In this context, Jakarta’s ascent illustrates a broader trend: large city regions are not just growing; they are merging into vast urban corridors connected by transport and supply chains. These corridors power national economies but also strain energy and water systems. As cities expand, they must invest in resilient infrastructure, manage air quality and plan for green public spaces that support health and productivity.
Measuring cities: definitions, data and comparisons
Counting city populations is not straightforward. Statistics can differ depending on whether they describe a city proper, a metropolitan area or an urban agglomeration. Administrative boundaries often lag behind real settlement patterns. The UN’s updated methodology aims to reduce these gaps by setting definitions that better match how urban systems operate.

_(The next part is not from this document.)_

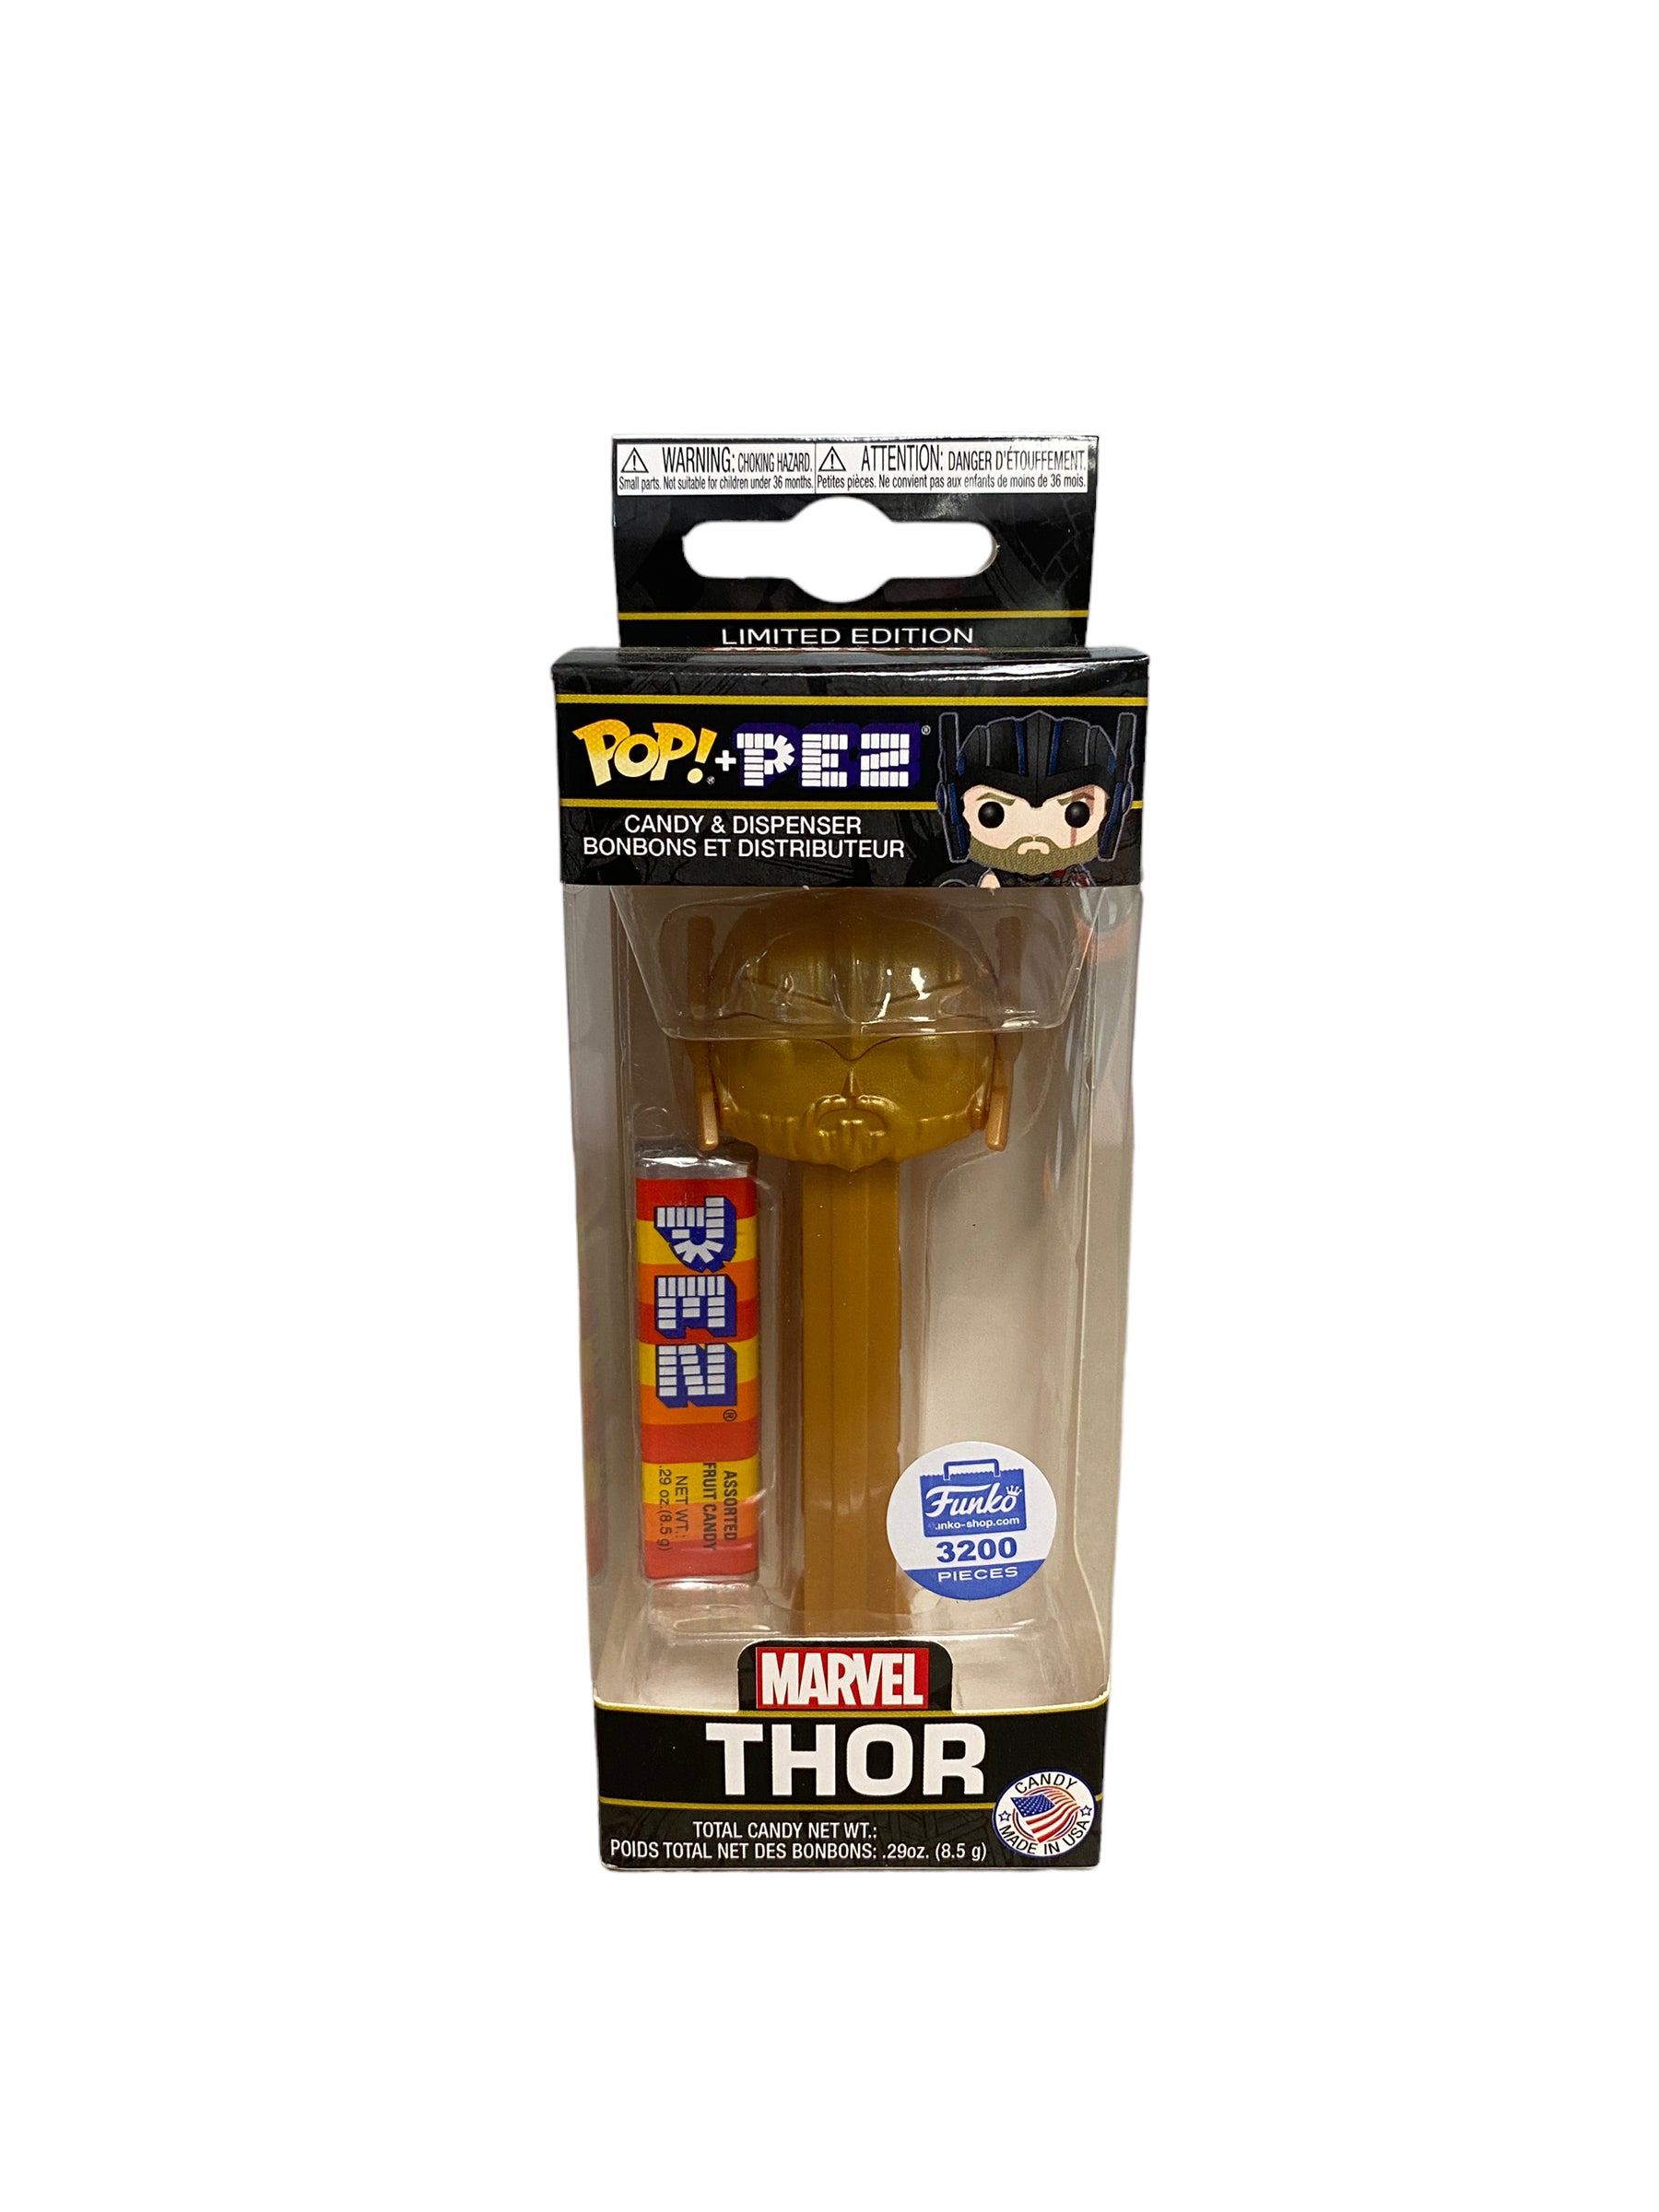 Thor (Gold) Funko Pop Pez! - Marvel - Funko Shop Exclusive LE3200 Pcs - Condition 8.75/10

Even so, comparisons need care. National statistical offices may publish different figures based on local definitions. International bodies like the UN seek comparability across countries, which sometimes produces changes in rankings when methods update. The new World Urbanisation Prospects report signals that the UN is refining its approach to reflect commuting patterns, built-up areas and the functional links that shape modern cities. For policymakers, the key is to align investment plans with the actual urban footprint, not just the city map.
Planning for growth: transport, housing and climate resilience
The pressures facing the world’s largest cities are clear. Fast-growing populations demand affordable homes near jobs and reliable transport that cuts congestion. Integrated rail and bus networks can unlock access to work and reduce pollution. Well-planned housing can ease overcrowding and improve living standards. These policies depend on accurate population data and shared planning across city lines.
Climate risk adds urgency. In low-lying coastal cities like Jakarta, heavy rain and high tides test drainage and flood defences. Heatwaves strain power grids and public health. Cities that plan for these shocks—through resilient infrastructure, early warning systems and green cooling strategies—will protect people and keep economies running. The UN’s updated urban counts reinforce the need to map risk at the real metropolitan scale.
Jakarta’s new status as the world’s largest city under the UN’s revised criteria captures a turning point in global urbanisation and a shift in how experts measure it. The ranking reflects the rise of vast functional city regions that cross old administrative lines, and it highlights the planning challenge that follows. Tokyo remains a model of scale and organisation, but Jakarta now symbolises the demographic momentum reshaping Asia’s cities. As governments digest the UN’s World Urbanisation Prospects 2025 report, the message is clear: plan for the city you have, not the one on paper. Accurate counts, scalable transport, affordable housing and climate resilience will decide whether megacities deliver opportunity and liveability for the tens of millions who call them home.